Whenever the opportunity arose, Dunn made a point of saying that California absolutely must keep building roads to accommodate "edge development" and "greenfield development" (she rarely used the more to-the-point word "sprawl").

So it is peculiarly rich that she uses this op-ed piece to blame Governor Newsom and environmental regulations for increasing traffic congestion. Her actions as commissioner contributed to the problem by accommodating - and thus inducing - ever more driving.
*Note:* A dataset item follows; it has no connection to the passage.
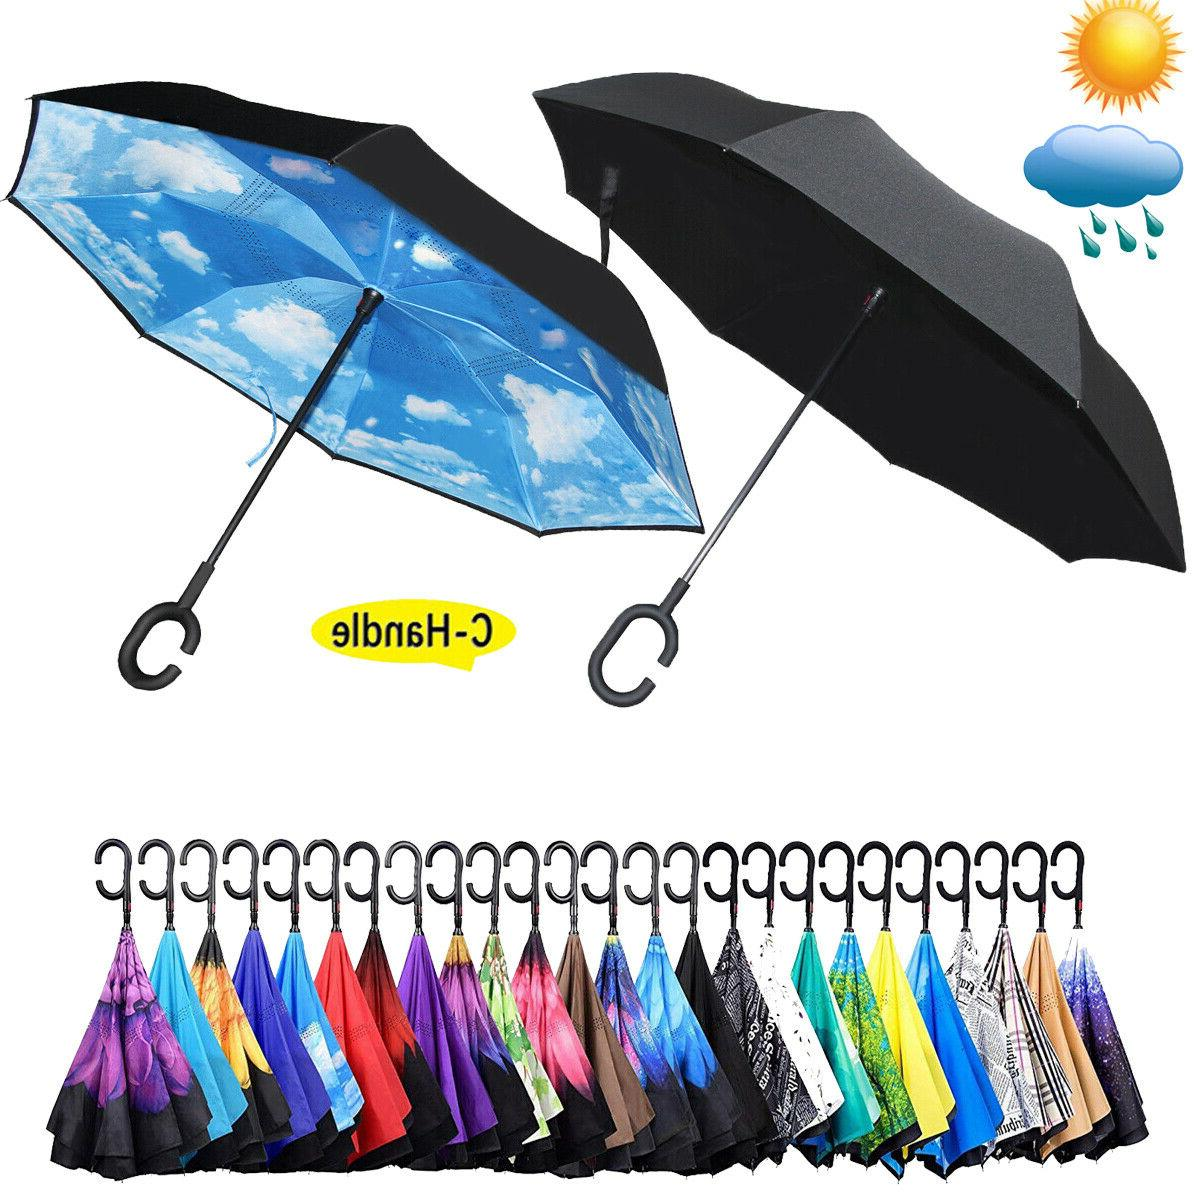 c handle reverse umbrella double layer upside

Dunn knows about induced demand - she's been present at many hearings where the concept was discussed and explained. But accepting it as a reality would require a level self-awareness that might force her to acknowledge the harm caused by her ongoing championing of freeways at the cost of state investments in better, safer infrastructure for people using transit and active transportation modes.

It's particularly urgent to discuss all this now, with a lot of money for transportation about to be released from both state and government sources, and not a lot of agreement about how to spend it. Meanwhile freeway builders are lining up to make sure they get, as usual, more than their share - and to perpetuate the problems that they have built up over the years. And "influencers" like Dunn and Preciado are out to make political hay by deriding urgent climate action.

Dunn finds many excuses for her take on these issues. In a 2019 CTC meeting, for example, she blamed public demand: “Balancing climate goals versus the public expectation that they can get where they want to get to with the freedom they demand will be far harder than any of us can imagine.”

When pushed, Dunn has been defensive about the commission's role, and has deflected the conversation away to other topics.

She has also made fun of some of the Air Resources Board's admittedly ineffective strategies, and blamed them for the problems her actions contributed to. "If [the Sustainable Communities Strategy] were as effective as I think it should have been," she told a joint meeting of the Air Resources Board and the CTC in 2019, "we wouldn’t be in a 3.5 million home deficit, and the transportation issues that we still struggle with would be showing far better improvement,” she said.

And out of the other side of her mouth, at that same meeting, she again insisted that the only way California was going to solve its housing crisis was to continue building sprawl.

In 2018, she told the Air Resources Board that their work on transportation emissions was basically fantasy. She told them they should instead focus on the "real world” — “particularly when we talk about reducing VMT.”

In the Daily News post, she writes that "there are no real alternatives to that road or freeway" - um, hello, because she and her colleagues only invested in them? Then she proceeds to rip transit potential to shreds, claims it's not possible to "shop at Costco on a bike or pick up the kids from school on a train" (lots of people do these very things day in and day out, Ms. Dunn), and insists that only cars can provide flexibility and access to jobs and affordable housing. It's the windshield perspective in a nutshell, and it's a horrifying take from someone who has participated in statewide transportation investment decisions. Luckily Dunn's term on the CTC ended a year ago, but the damage has been done.

Let's skip to the end. Dunn finishes her op-ed with this nasty twist:

"We must align climate change goals with housing and transportation goals to achieve a cleaner, more equitable environment and robust economy. But this VMT reduction strategy is ridiculous and counter-productive to making life better for all Californians and their environment."

It's good to know she's happy to celebrate Earth Day with the rest of us! But since she's clearly not only unwilling to actually do anything that might, you know, contribute to saving the planet, and instead is actively working - with op-eds like this - to undermine the work that is being done, maybe she shouldn't be invited to that party.

Creating climate policy is an uphill struggle against naysayers like Dunn.

I don't know what your real world looks like, but mine doesn't include people like Lucy Dunn having an influence on decisions about state transportation investments.